1. blank the sticks (in order to gather the background of the wood) 2. hold the salt under the fire using the sticks (to bring excited states to observe our emissions) 3. record the spectra (through grating on the spectroscope which separates the one color that we see into multiple wavelengths) 4. eliminate possibilities based on the absence of lines 5. account for EACH line

what angle do we clamp our bunsen burner at and why? why we do clamp at the base of the bunsen burner?

45º angle, so that the melting salts do not end up in the head of the bunsen burner, and we clamp at the base because it is the part that does not heat up and cannot melt the plastic prongs

why is Hg used to calibrate a spectroscope?

Hg is used because the emission wavelengths are precisely known and identifiable

how does a spectroscope work?

a spectroscope isolates a beam of light and passes it through a prism, which diffracts light in a process called grating, which is presented on a scale within the spectroscope that allows us to see the individual wavelengths of each sample light enters through a slip in the spectroscope, bounces off a prism-like structure called grating, which diffracts this light onto a scale in distinct wavelengths

how do you determine which transition will emit the smallest wavelength (i.e. the highest energy)?

choose the lowest nf and the highest ni

how does the electron spin affect the emission spectra?

depending on the electron spin, there will be different levels of energy helium has a triplet state as well as a singlet state, so depending on the different permutations of the electron spins, it increases the number of emission spectra that are observable so because helium has more electrons, resulting in more spins, it will increase the number of lines that we can see

what does each line on the emission spectrum represent?

each line is an emission event in which an electron transitions from a higher energy level to a lower energy level

what occurs at an emission and absorption?

emission occurs when an electron goes from a higher energy level to a lower energy level (for example, from n=6 to n=5), while absorption occurs when an electron goes from a lower energy level to a higher energy level, requiring energy to do so (for example, from n=5 to n=6)

why does helium have more lines than hydrogen?

helium overall has more electrons than hydrogen which is why more lines show up in the emission spectrum, because more electrons mean more electrons being excited, emitted more energy so that more lines show up

what is the relationship between energy, frequency, and wavelength?

higher energy means higher frequency, but a lower wavelength (for example, purple has a higher energy than red, a higher frequency than red, but a lower wavelength than red)

what is the difference between hydrogen and helium?

hydrogen and helium have different electron states, and due to the bohr model, electrons orbit the nucleus as fixed energy levels which is why we cannot apply the bohr model to helium, due to electron shielding (because helium has 2 electrons) this is also because each electron is attracted to the nucleus while also repulsive towards one another

what is the difference between hydrogen and helium emission spectra?

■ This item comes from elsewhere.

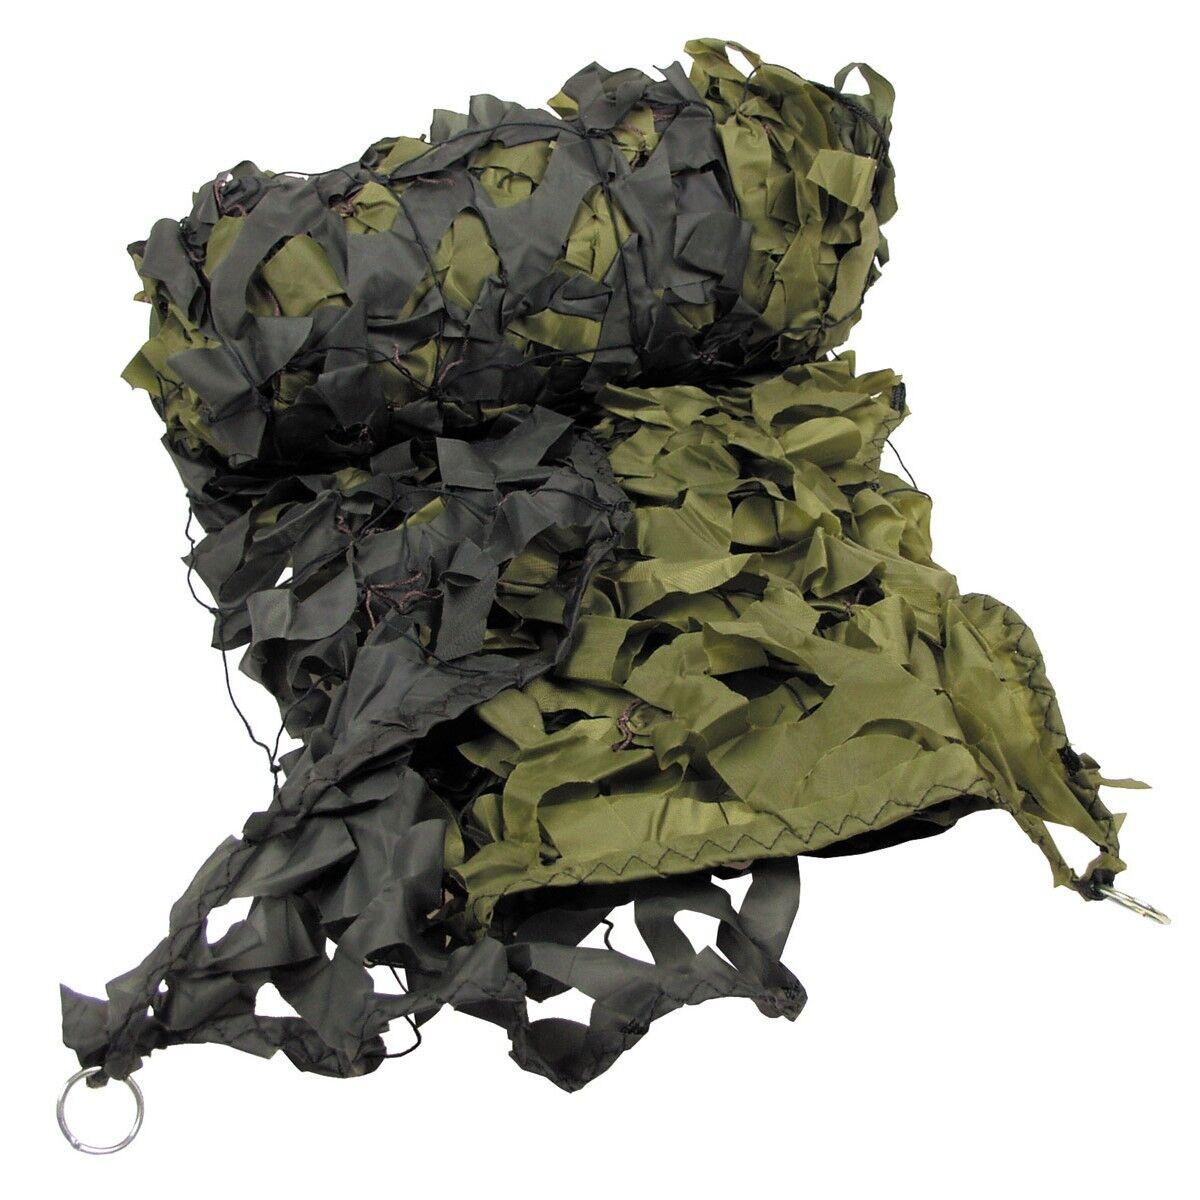 Tarnnetz 3 x 2 m, oliv, mit PVC-Tragebeutel  | Optimaler Preis

hydrogen only has one electron, which means that its energy level of an orbital is determined by n, but helium has two electrons which means that its energy level is determined by both n and l the difference in energy between sub-shells in multi-electron systems results from electron-electron repulsion because there are more electrons, the atoms repel each other, so the electron is less tightly-bound to the nucleus than it would be if the other electrons were not present, which causes different attraction to nucleus so our s and p orbitals no longer than the same energy an electron that transfers from the 1s to the 2s or 2p in hydrogen requires the same energy, but 2s and 2p are different in helium and requires different amount of energy, resulting in more possible transitions for a multi-electron atom

why do energy levels get closer together at higher levels?

if we look at the rydberg equation, we can see that we are dividing by a bigger number, which means that the distance between the orbitals decreases as the n-value increases, which is due to shielding and squaring the n-value this is also because, when electrons are closer to the nucleus, they require more energy to leave that level due to their attraction to the nucleus, so if they are further from the nucleus, there is less attraction which therefore requires less energy to move around

is 2p always higher than 2s?

no, it depends on the spin state and overall electron shielding

which spin state is at a higher energy?

singlet states are at a higher energy than triplet states because triplet states have unpaired electrons that are located at different orbitals and have a different spin

what is the balmer series and why do we use it over other series, such as the lyman series or the paschen series?

the balmer series is the emission spectrum for visible light (where nf = 2), and we use it over the lyman series (where nf =1) because the lyman is too big and corresponds with UV light instead, while the paschen series (where nf=3) is too small and corresponds with infrared light

bohr model and its limitations

the bohr model explains the atomic structure of a hydrogen atom, which a positively-charged nucleus at its center surrounded by electrons in different energy levels however, the bohr model does not work with larger atoms (such as helium due to its two electron) due to electron shielding and electron-electron repulsion the bohr model also cannot predict the intensities of spectral lines, nor can it predict the splitting of spectral lines in a magnetic field

how does the second electron affect our possible excited states?

the energy of an electron has different s and p orbitals, which allows us to have more excited states possible as well as more spin states possible, overall having more unique emissions possible

what is the purpose of wetting/blanking the sticks?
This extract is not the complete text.